The Resistance of Insulators
Some materials are insulators on the inside, but conductors at the extremities. These surprising properties are due to the topological characteristics of the quantum states of electrons. Initially theoretical, experimental work on these materials is growing rapidly.
Half a century ago, the Nobel Prize for physics winner George Gamow observed that, along with the theory of number, topology was the only field of mathematics that had no application in physics. Today, it has to be said that the considerable growth in new phases of matter, such as topological insulators, leads us instead to wonder which branch of physics will escape the influence of topology.
The discovery of topological properties in physics in the 1970s came as something of a surprise. Topology is a branch of mathematics which studies continuous deformations of an object into another object - without the use of glue or scissors. These objects can be of very different natures, such as a space, a function or a surface. For example, the surface of a spoon can be continuously deformed into that of a banana. Similarly, a mug, with its handle, can be continuously deformed into a doughnut. However, the surface of a banana cannot be continuously deformed into that of a doughnut, as the banana would have to be pierced, or its two ends glued together.
Through the filter of topology, the spoon and the banana are identical, but both are different from the mug and the doughnut, which also different from spectacle frames. Here it is understood that only the number of holes on the surface counts; zero in the first case, one in the second and two for the glasses. The number of holes is an example of topological number: this is a whole number that can include all the equivalent surfaces from the point of view of their overall shape. With these concepts, physicists have discovered new states of matter that do not fall into the classification between electrical insulators and conductors.
FROM THE ATOM TO THE CRYSTAL
The ability of a material to allow an electrical current to pass through it is governed by the behaviour of the atoms within it.
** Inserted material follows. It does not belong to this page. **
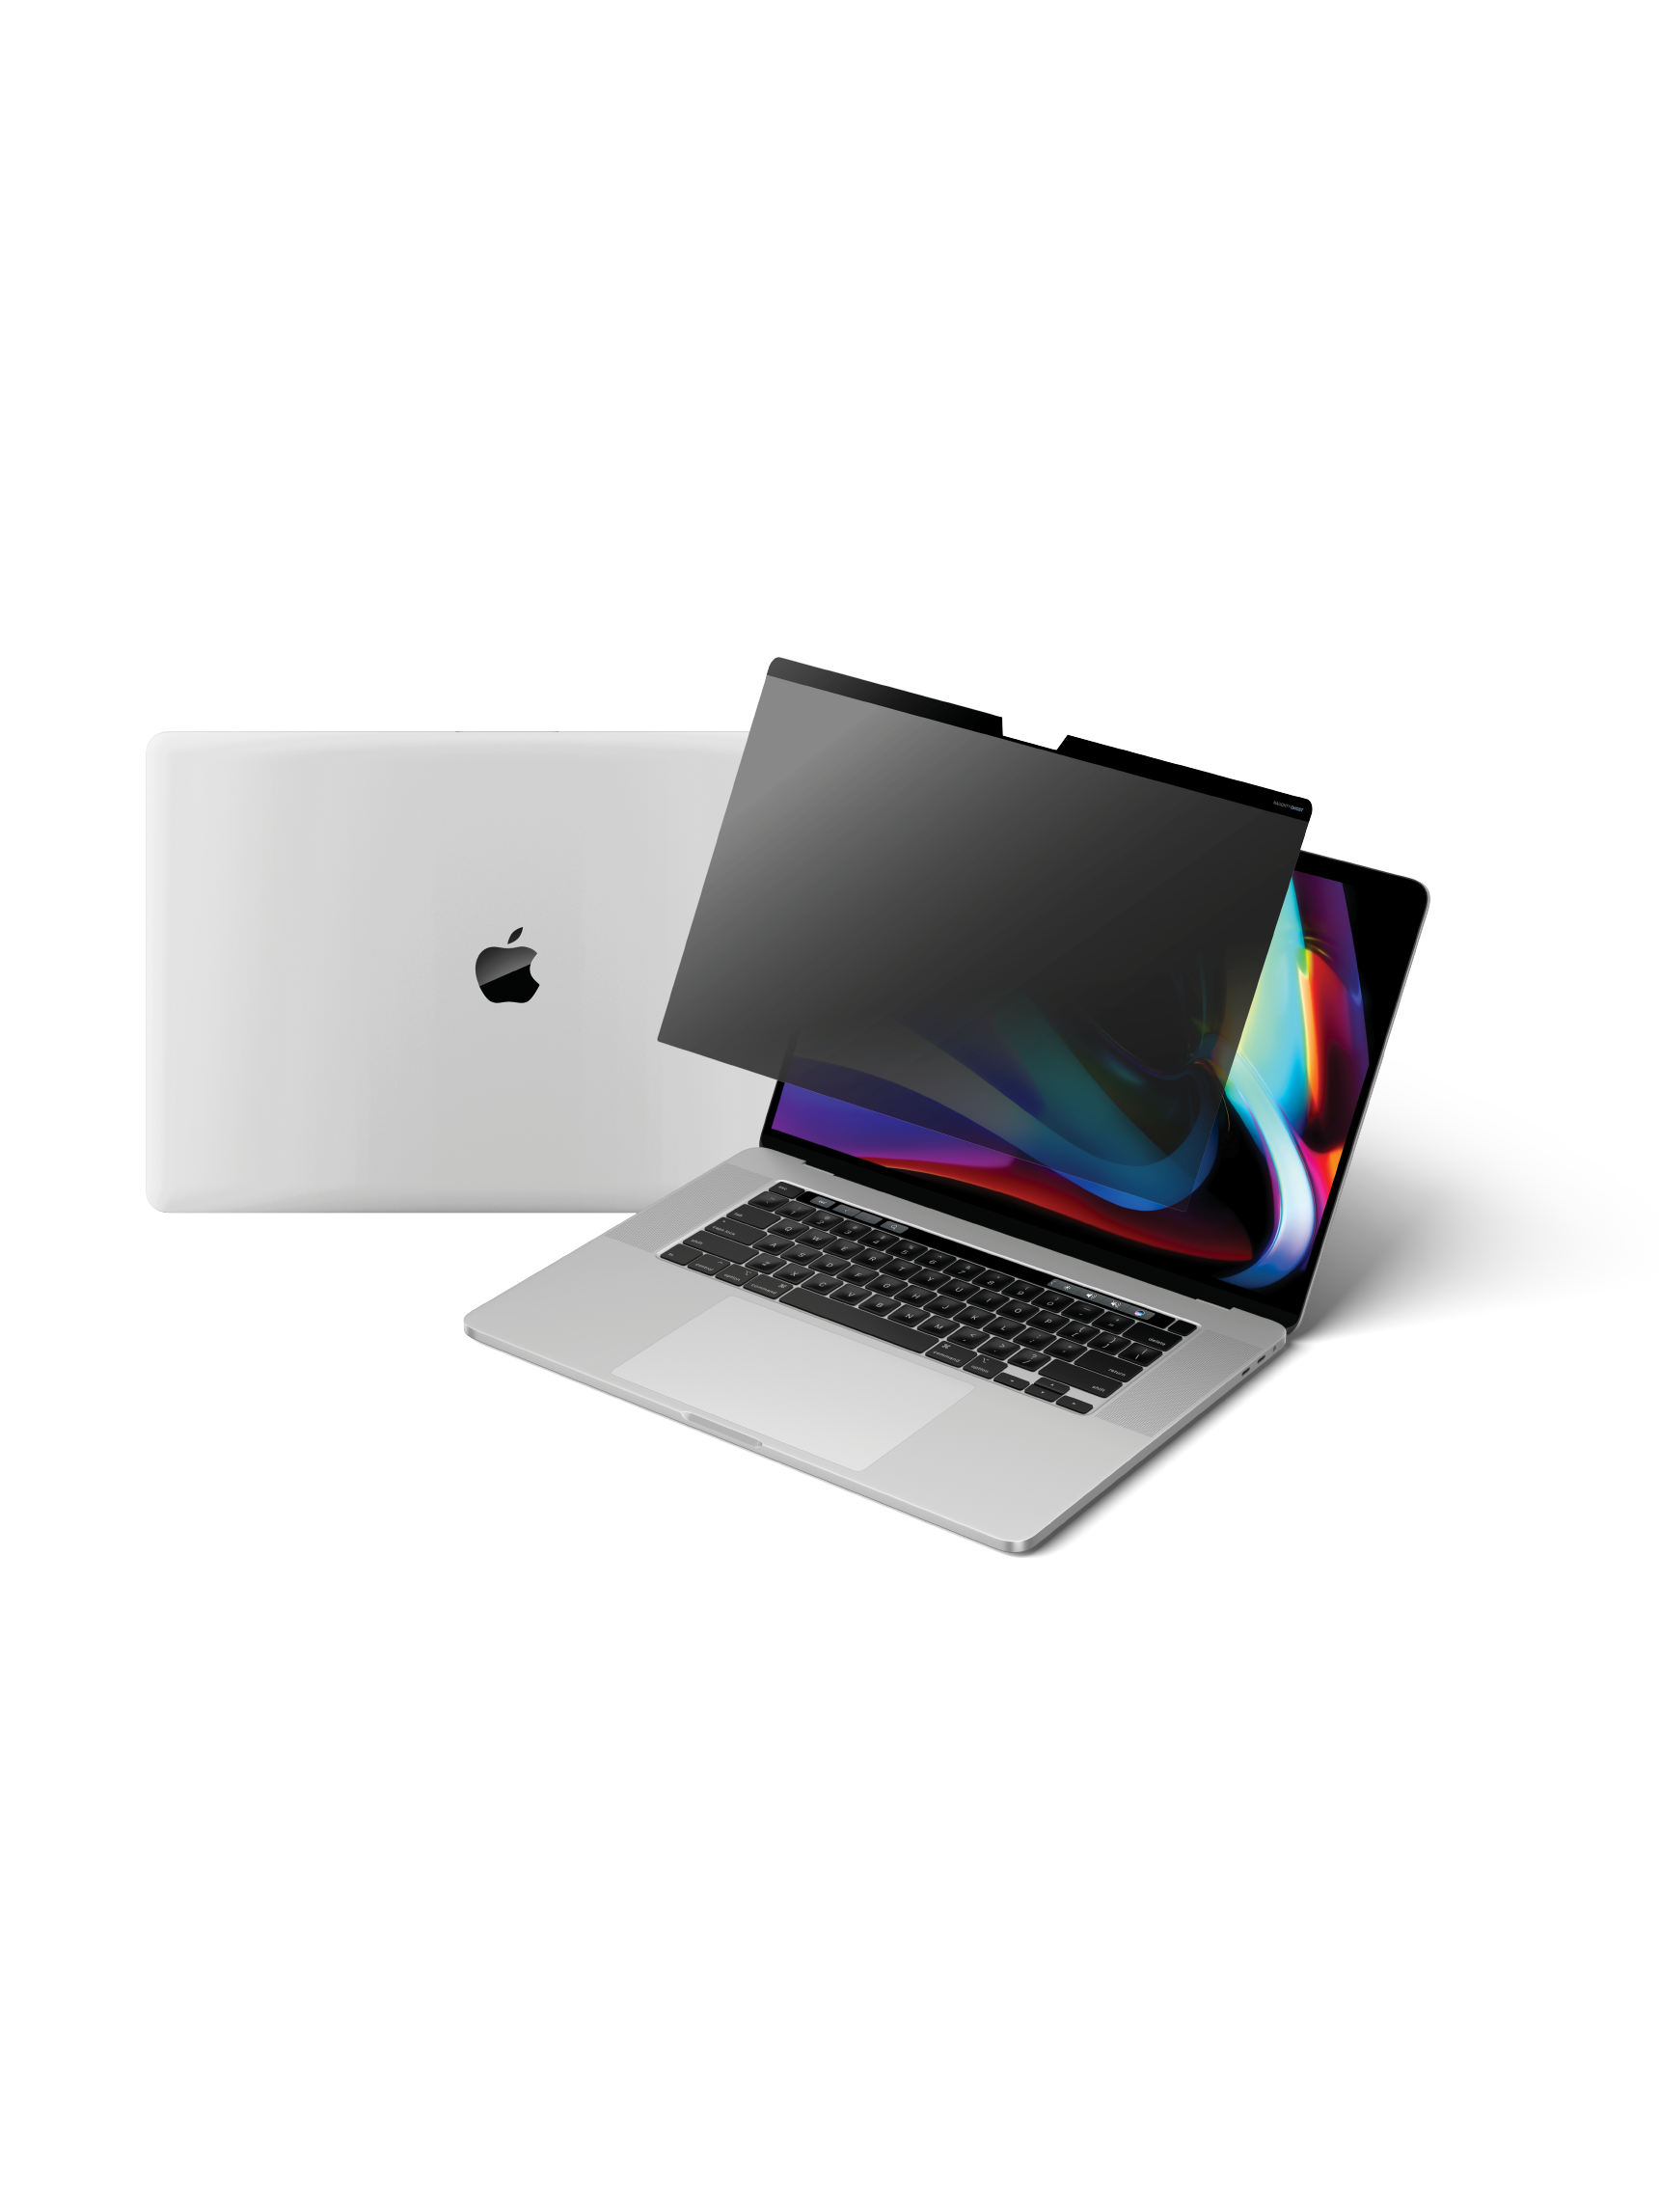 [周邊] 挑選 MacBook Air m2 磁吸防窺片

These electrons, originating from the atoms comprising the material, each carry an elementary electrical charge. While some cause atoms to stick together, by forming chemical bonds, others, in excess, are free to circulate. It is the movement of these free electrons that generates an electrical current. This movement however is a far cry from a flow of little electrically-charged marbles. At nanometric scales (10-9 m), the behaviour of elementary particles is dictated by the laws of quantum mechanics, which allow electrons to interfere, as do waves. According to quantum mechanics, the electrons in an atom can only occupy specific energy states. This is known as an atom’s discrete energy spectrum. This feature is quite similar to the possible modes of vibration of an acoustic wave in a flute, which correspond to the various notes of the instrument; while these notes can be played, the sounds at frequencies between these notes cannot.
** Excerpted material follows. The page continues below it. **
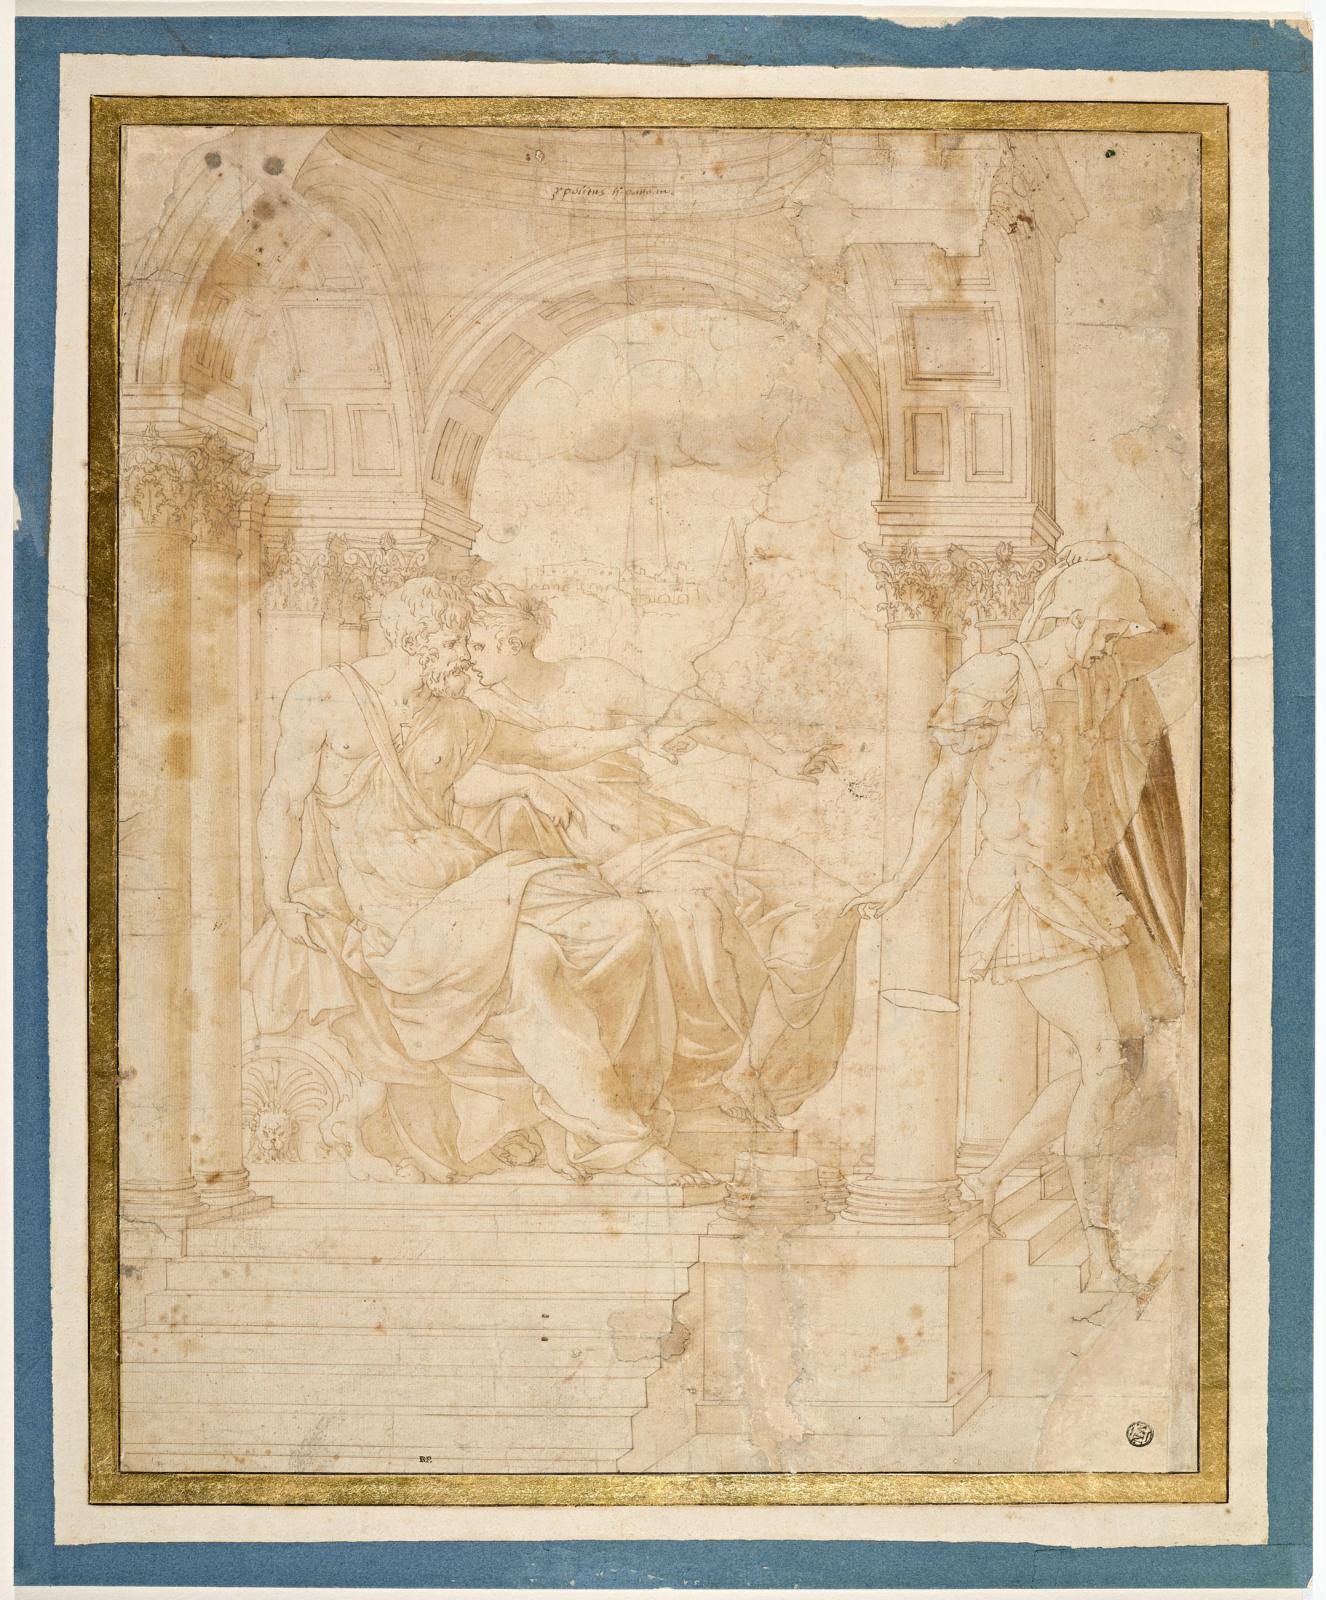 Francesco Primaticcio, dit le Primatice (1504-1570), Hippolyte accusé par Phèdreauprès de Thésée, Paris (détail), musée du Louvre, départe

Band theory, developed in the 1930s under the drive of Felix Bloch in Switzerland and Allan Wilson in England, extends the understanding of the operation of atoms to that of a crystal (*), which can contain a disproportionately large number of them. By combining to each other, atoms’ discrete energy bands become continuous, and are called energy bands. These bands are usually separated from each other by gaps of energy, “forbidden” bands, reminiscent of the discrete spectrum of each atom. As a result, the electronic waves that exist in a crystal, called Bloch waves, also have energies that are inaccessible. All the electrons in the crystal occupy electronic states by minimising their energy. Electrons however, belong to the family of quantum particles (fermions) that forbids them from sharing the same quantum state, and in particular to occupy the lowest energy state at the same time. By doing so, they must spread out and fill the bands; first the lowest energy band, then the subsequent bands and so on until each electron has found a place. The highest energy level reached (Fermi energy), separates the last level occupied by the electrons from the first unoccupied level. Either the last occupied band is partially full, and the Fermi level is located in this band. Or all the bands are filled and the Fermi level lies in a gap.
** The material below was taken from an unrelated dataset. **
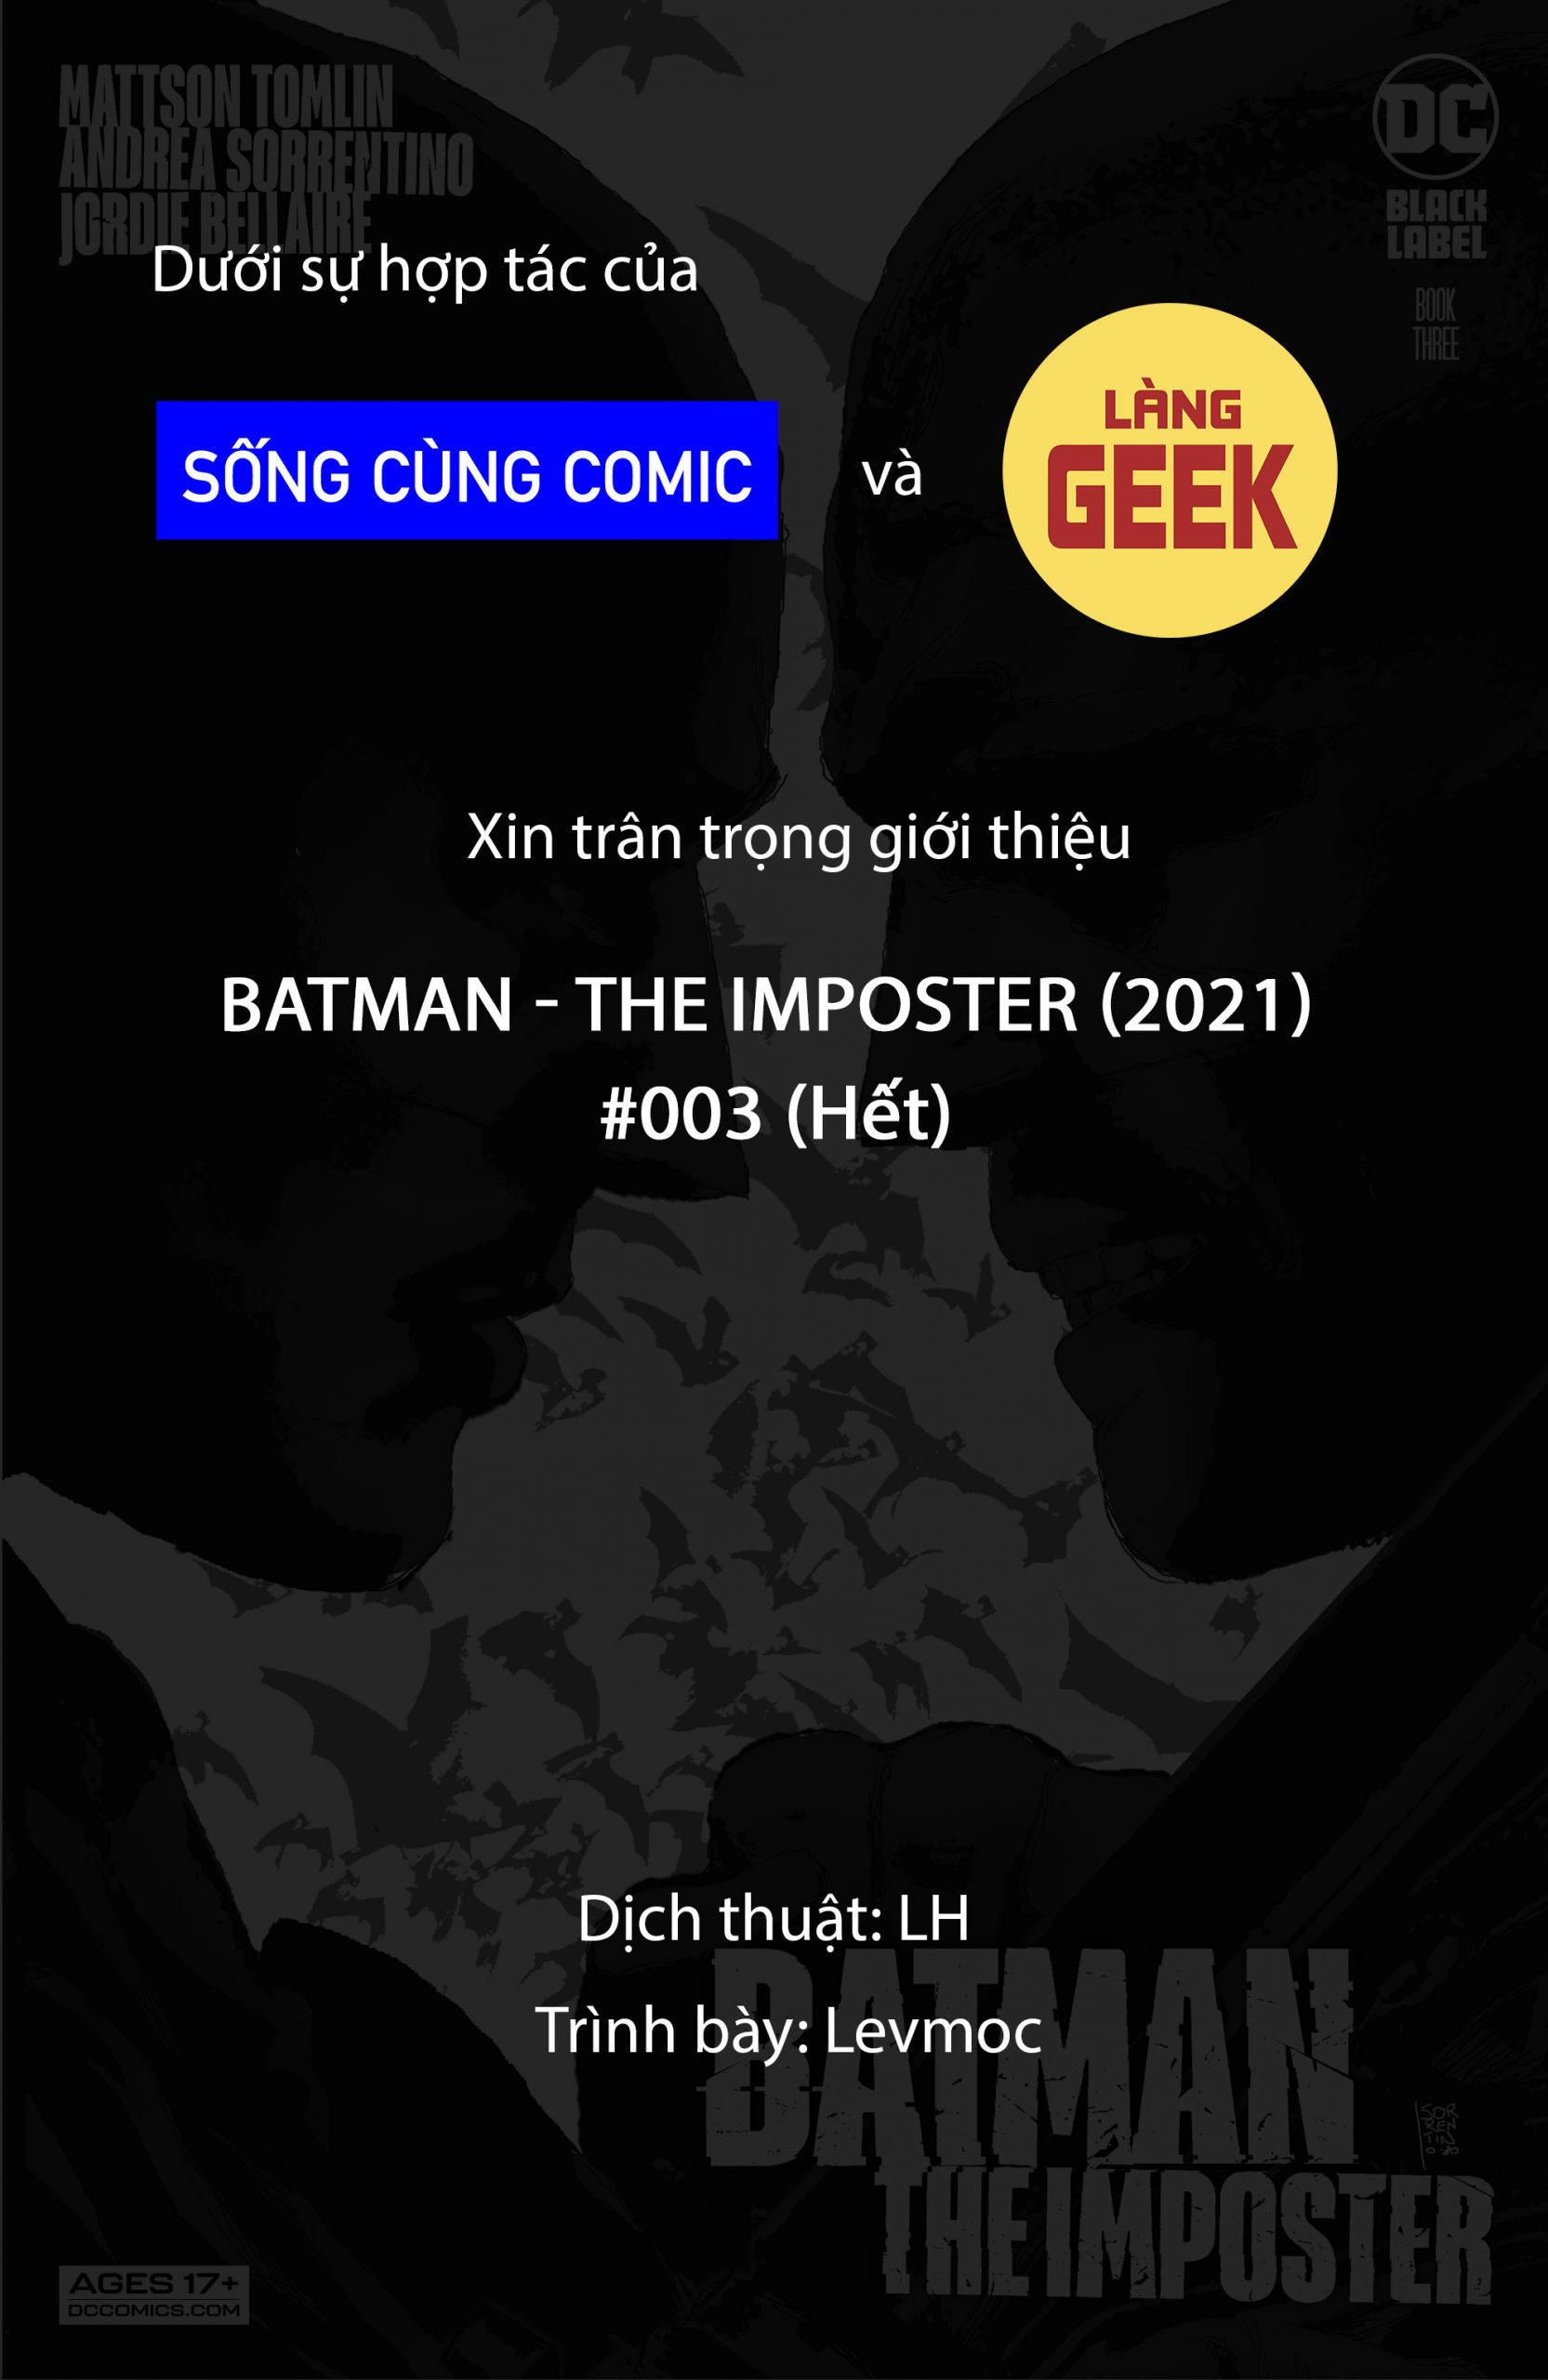 https://langgeek.net/wp-content/uploads/2021/12/Batman-The-Imposter-2021-003-001-scaled.jpg

The difference between these two scenarios is radical. In the first case, the electrons whose energy is close to the Fermi level can move if they obtain a little energy, for example by applying an electrical voltage to the material. In the second case, the electrons are blocked, and any energy provided by an external voltage is not sufficient to fill the gap and send them into the upper energy band. This is the difference between a metal which is a good conductor, in the first case, and an insulator, in the second.
Waveguides
Changing the amplitude of the gap or the position of the Fermi level is a game physicists have been playing for decades, with controlling electronic transport as the prize, particularly with semi-conductors that can change an insulator into a conductor and vice-versa. The success of band theory is responsible for the transistor and for photovoltaic cells. Recently discovered materials however, topological insulators, do not follow this simple (!!!) scheme. While they behave as excellent insulators inside, they are excellent conductors at their edges! This means that electronic states, located at the edges of the material, are available in the energy gap, where the Fermi level lies. Thus, the edge states are the only ones that can contribute to carrying the electrical charge. They act like real electronic wave guides. A topological insulator is not really an insulator; the charge is carried, a little like an electronic invisibility cape, that the current cannot penetrate into the heart of the material and has to avoid.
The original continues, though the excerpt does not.